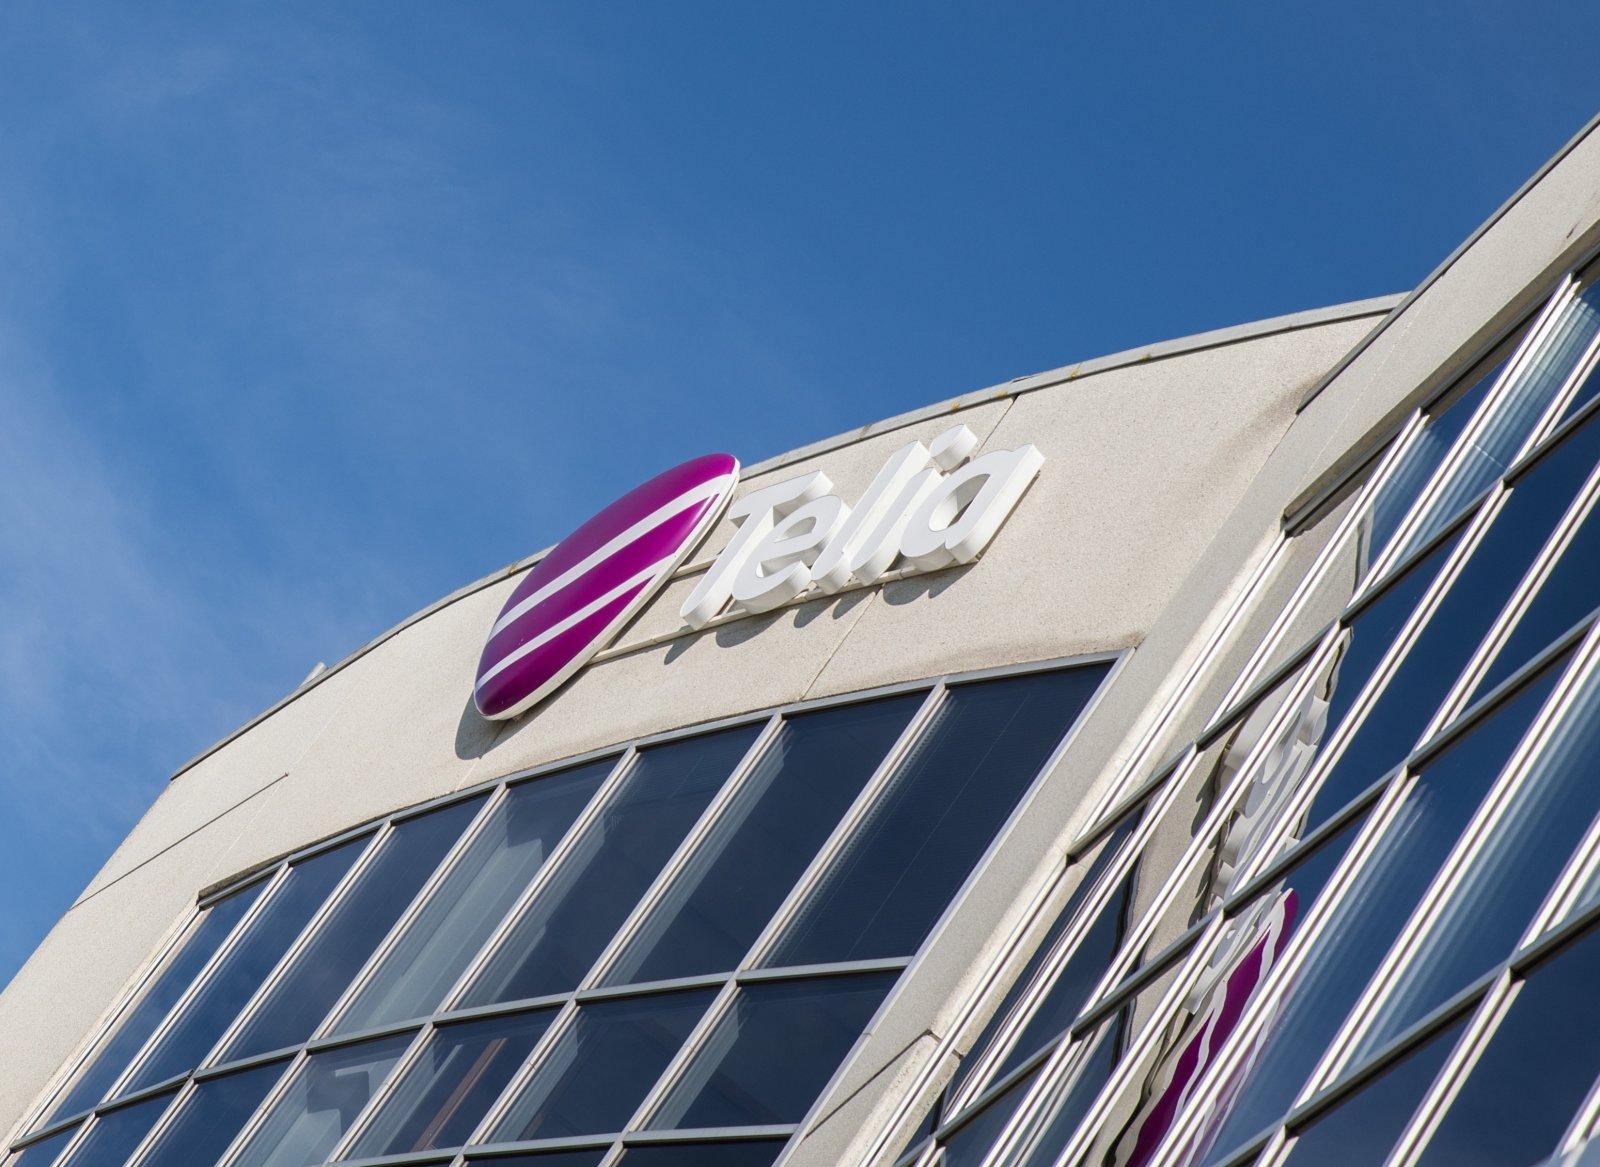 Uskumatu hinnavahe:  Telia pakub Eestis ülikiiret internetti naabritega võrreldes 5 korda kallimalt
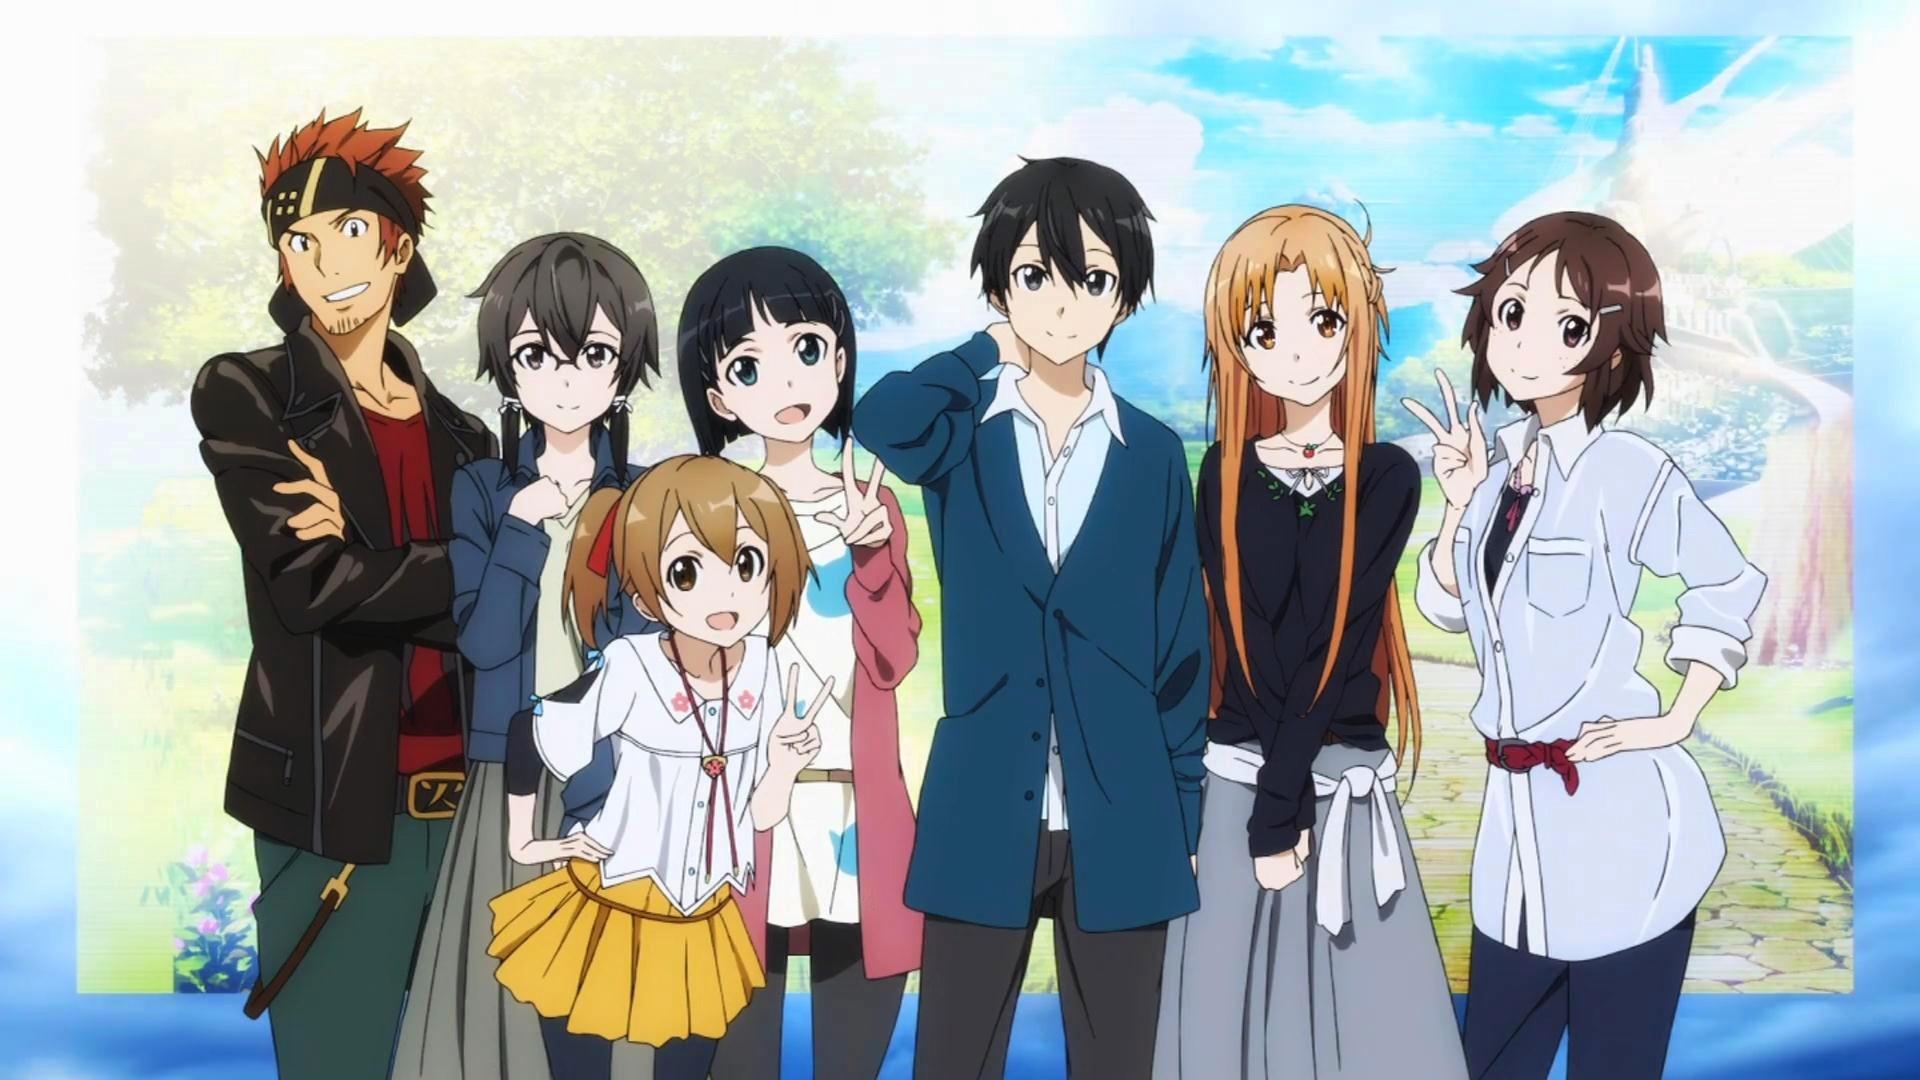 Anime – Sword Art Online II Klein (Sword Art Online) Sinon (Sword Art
※ ※ ※
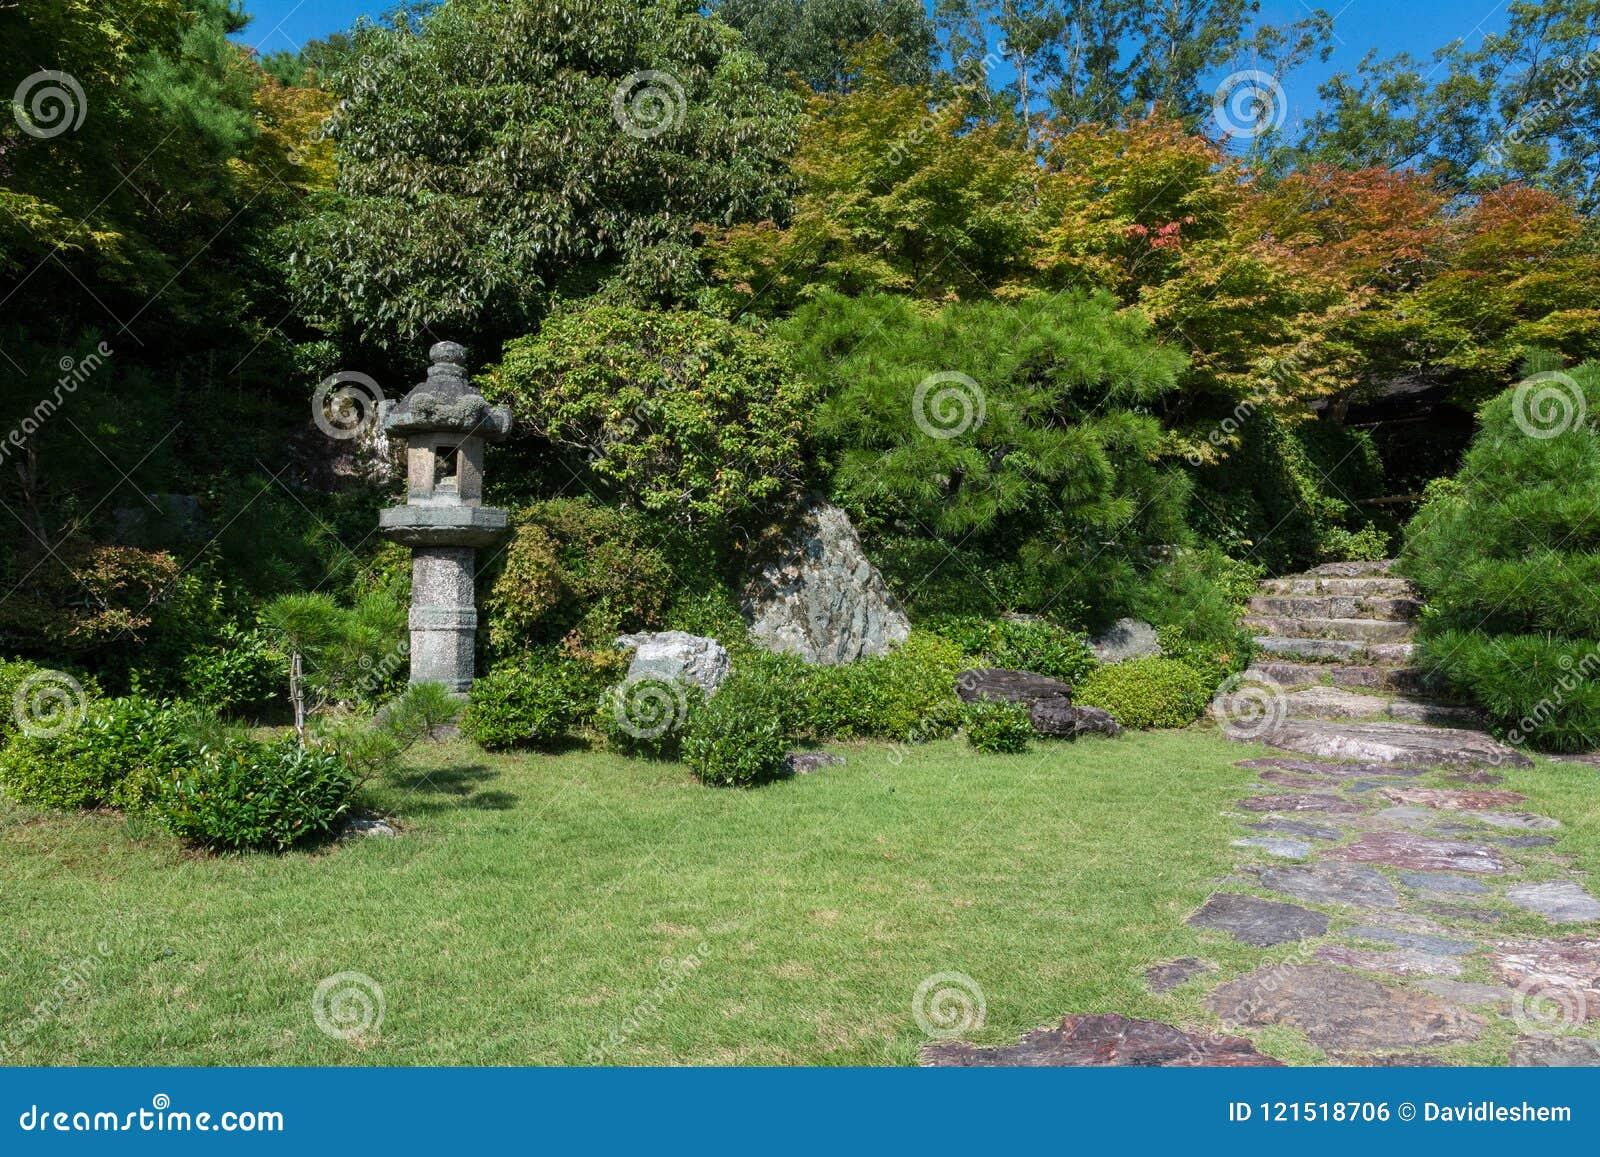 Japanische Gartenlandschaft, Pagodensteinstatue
※ ※ ※
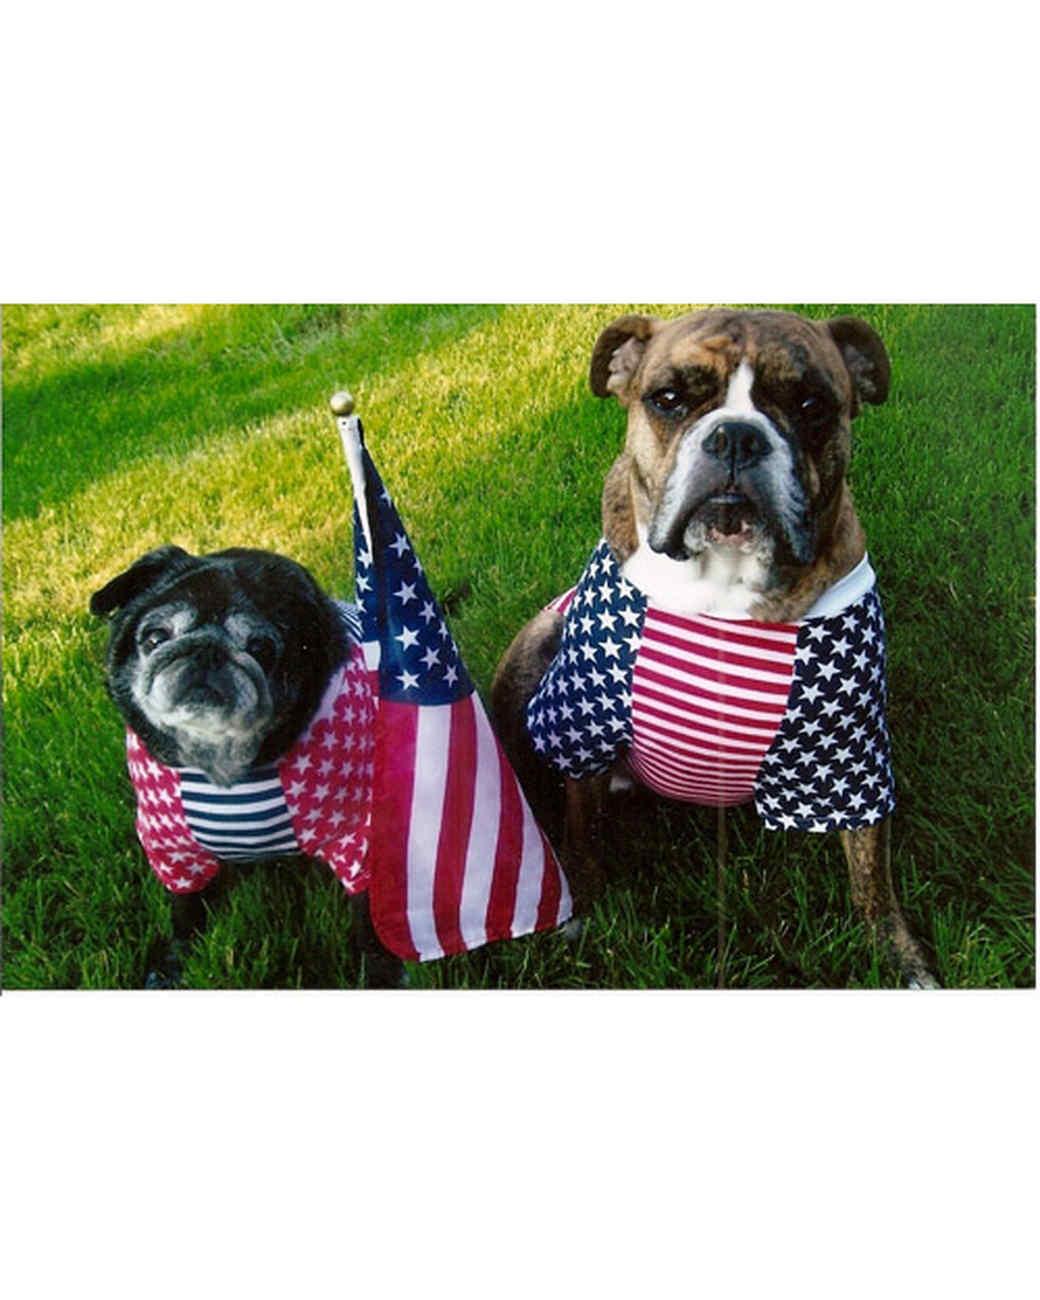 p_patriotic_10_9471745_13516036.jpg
※ ※ ※
● **TASK TO COMPLETE**
Print exactly the lines above that run from the one with "5 korda kallimalt" to the one with "Anime – Sword", both included. No pictures.

● **SOLUTION TO THE EXERCISE**
 Uskumatu hinnavahe:  Telia pakub Eestis ülikiiret internetti naabritega võrreldes 5 korda kallimalt
 Anime – Sword Art Online II Klein (Sword Art Online) Sinon (Sword Art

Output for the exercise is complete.